Потом мы с ним решили, что нам надо на время разъехаться. Я сняла маленькую студию на углу Восемьдесят шестой и Йорк-авеню и целых четыре месяца вела тихую, спокойную, иногда одинокую, но в целом довольно приятную жизнь в этом отнюдь не фешенебельном районе Манхэттена. Мне нравилось, что у меня есть своя собственная территория, пусть даже и крохотная. Я радовалась, когда в мою квартирку, гораздо реже, чем мне хотелось бы, заходил Д. и оставался на всю ночь, как будто мы были самой обычной парой. Я получала большое удовольствие от обедов с Эриком, мне было приятно находиться в его компании и чувствовать, что я соскучилась. Квартируя сняла на полгода, но через четыре месяца хозяйка досрочно выперла меня, не потому, что соседи жаловались на странные крики в четыре утра, - хотя они жаловались, - а просто потому, что у нее поменялись планы. Идти мне было некуда. Мысль о том, чтобы поселиться у Д., даже не рассматривалась: во-первых, тот обхохотался бы, услышав такое предложение, а во-вторых, бутылка пива, которую он открыл для меня еще во время первого визита, так и стояла у него на подоконнике год спустя. Наверное, можно было найти другую квартиру, но почему-то это казалось мне слишком серьезным решением, куда более бесповоротным, чем переселение в первую. Я так и не смогла спустить курок и в конце концов вернулась к Эрику.
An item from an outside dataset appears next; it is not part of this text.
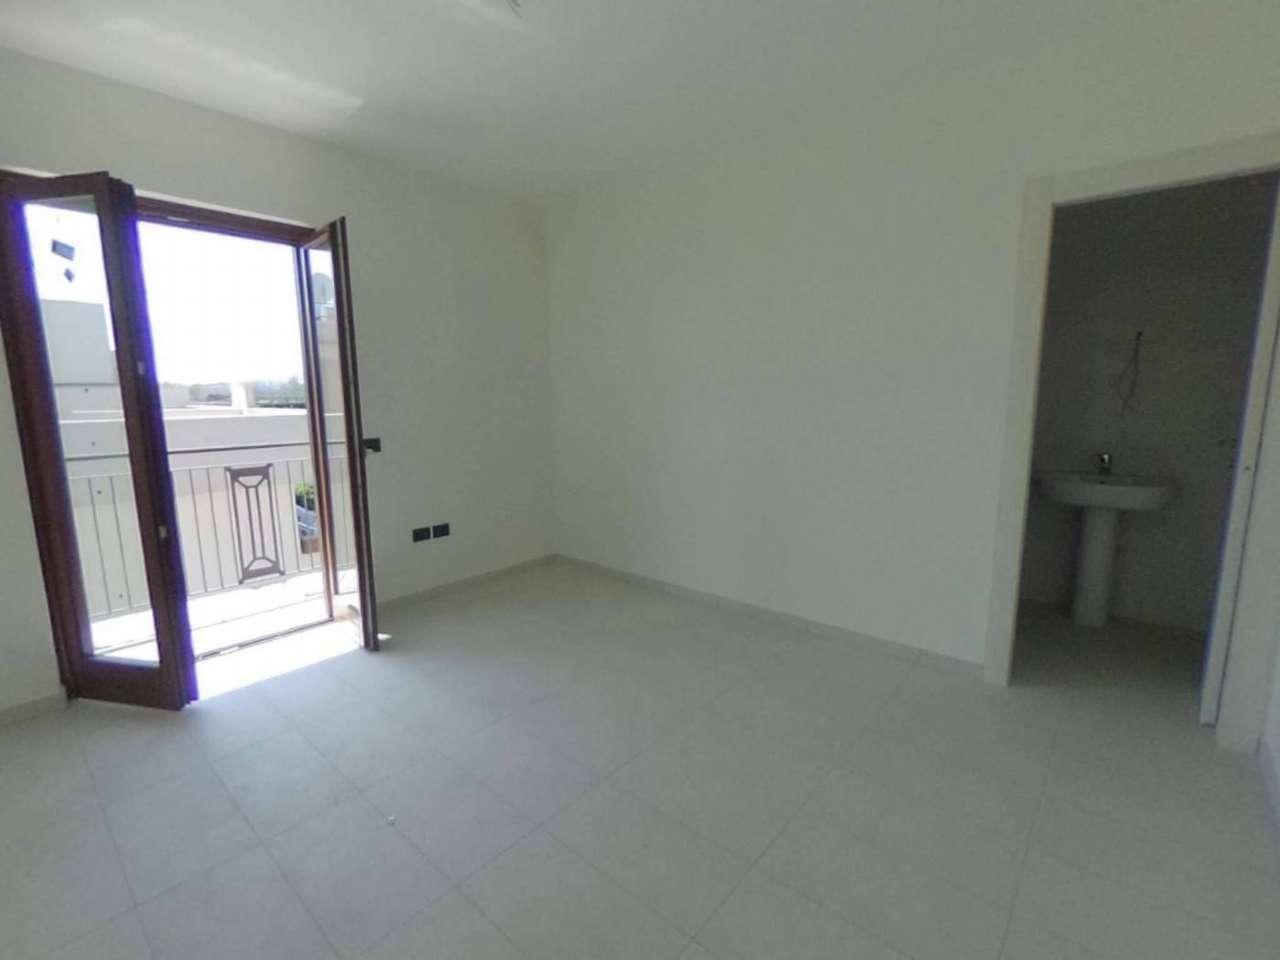 Appartamento in vendita a Nola, 5 locali, prezzo € 140.000 | PortaleAgenzieImmobiliari.it

Второй разрыв отличался от первого только тем, что на этот раз я гораздо меньше верила в успех. Я решилась на него только по настоятельному требованию Эрика. Он к этому времени уже расстался со своей любовницей и, естественно, ожидал от меня того же. Я понимала, что это вполне логично, но при одной мысли о том, что придется отказаться от Д., чувствовала себя обиженной, как несправедливо наказанный ребенок. В тот день мы сидели на полу, прислонившись спиной к моему уже упакованному и готовому к отправке дивану. У меня все еще горела кожа от нашего Последнего в Этой Жизни Секса. Я опять плакала.
- Это нечестно!
Он гладил меня по волосам.
- С какой стати мне отказываться от чего-то, если я не хочу отказываться?!
Д. положил подбородок мне на голову, а я уткнулась ему в грудь и безутешно рыдала, словно мне шесть лет и я уронила на землю мороженое. Он нежно успокаивал меня и уже вовсе не собирался плакать. Наверное, догадывался, что ничего серьезного его сексуальной жизни не угрожает.
В тот раз я продержалась примерно неделю.